Convercent is an American software company that helps companies design and implement compliance programs.

The company's governance, risk management and compliance (GRC) software integrates the management of corporate compliance risk, cases, disclosures, training and policies. The company is based in Denver, Colorado and delivers its software using the software as a service model.

==History==
The company was founded in 2012 by Patrick Quinlan and Barclay Friesen.

In January 2013, Convercent received $10.2 million in funding, led by Azure Capital Partners and Mantucket Capital and with participation from City National Bank.

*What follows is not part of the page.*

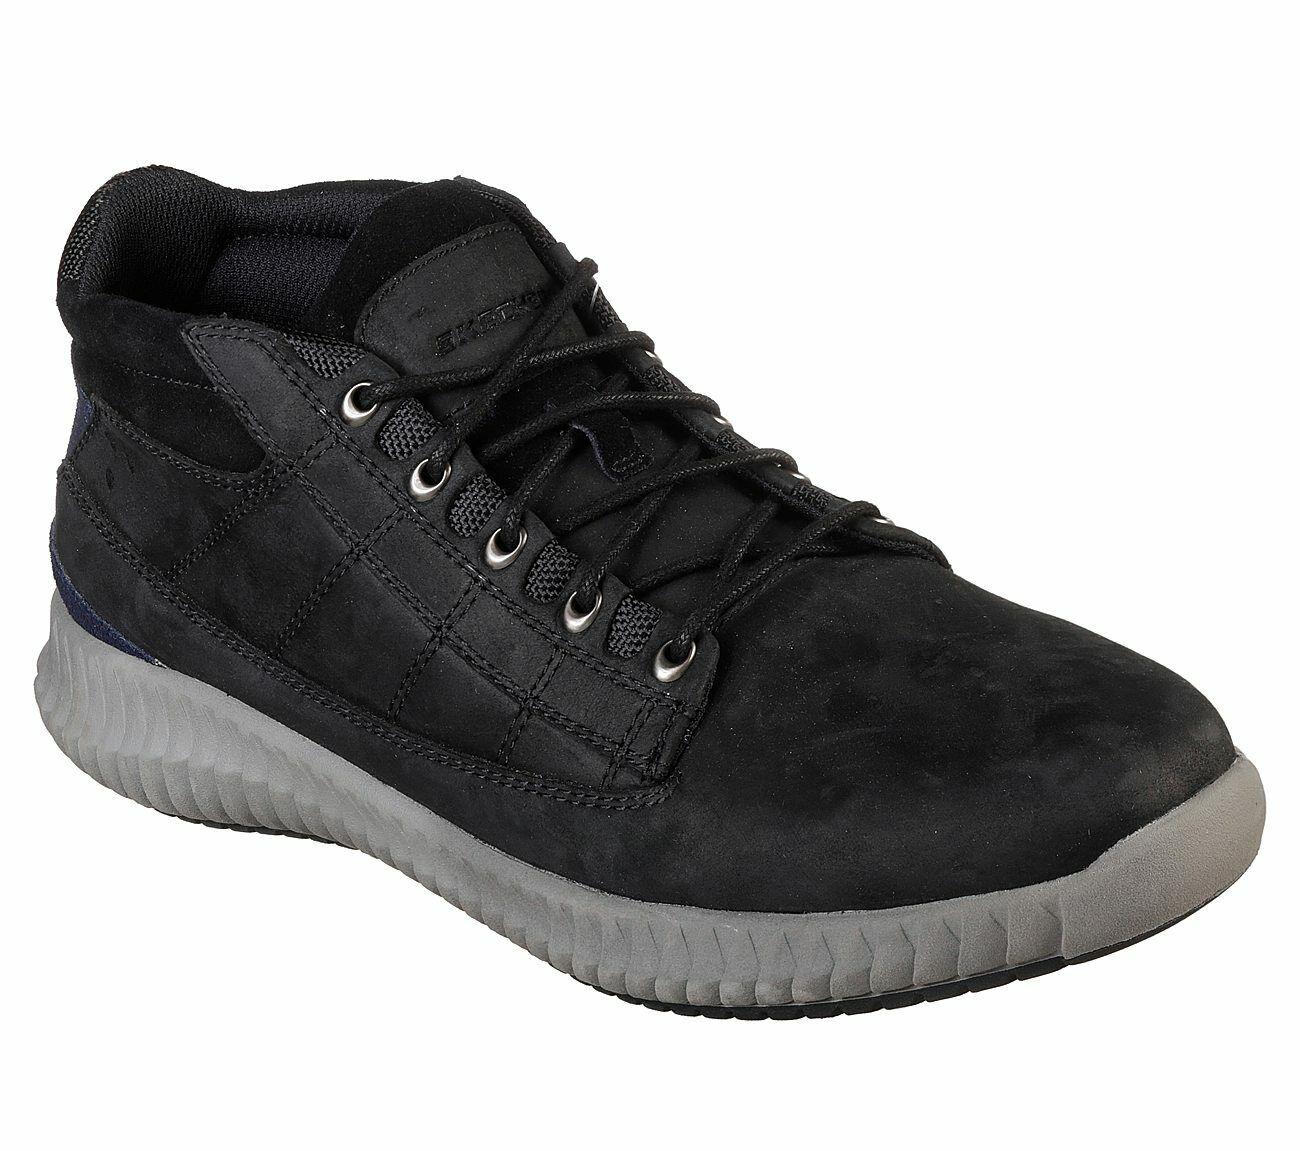 NEU SKECHERS Herren Sneakers Oxford Stil Memory Foam BRENDO 1VHFg

In October 2013, Convercent raised $10M in Series B funding led by Sapphire Ventures (formerly SAP Ventures), with participation from existing investors Azure Capital Partners, Rho Capital Partners, and Mantucket Capital.

In March 2021, Convercent was acquired by Atlanta-based “trust intelligence” software company OneTrust.

In December 2024 Convercent was sold by OneTrust to EQS Group, a Germany-based provider of corporate compliance and investor relations software.

Convercent has customers in more than 130 countries, including Philip Morris International, CH2M Hill and Under Armour.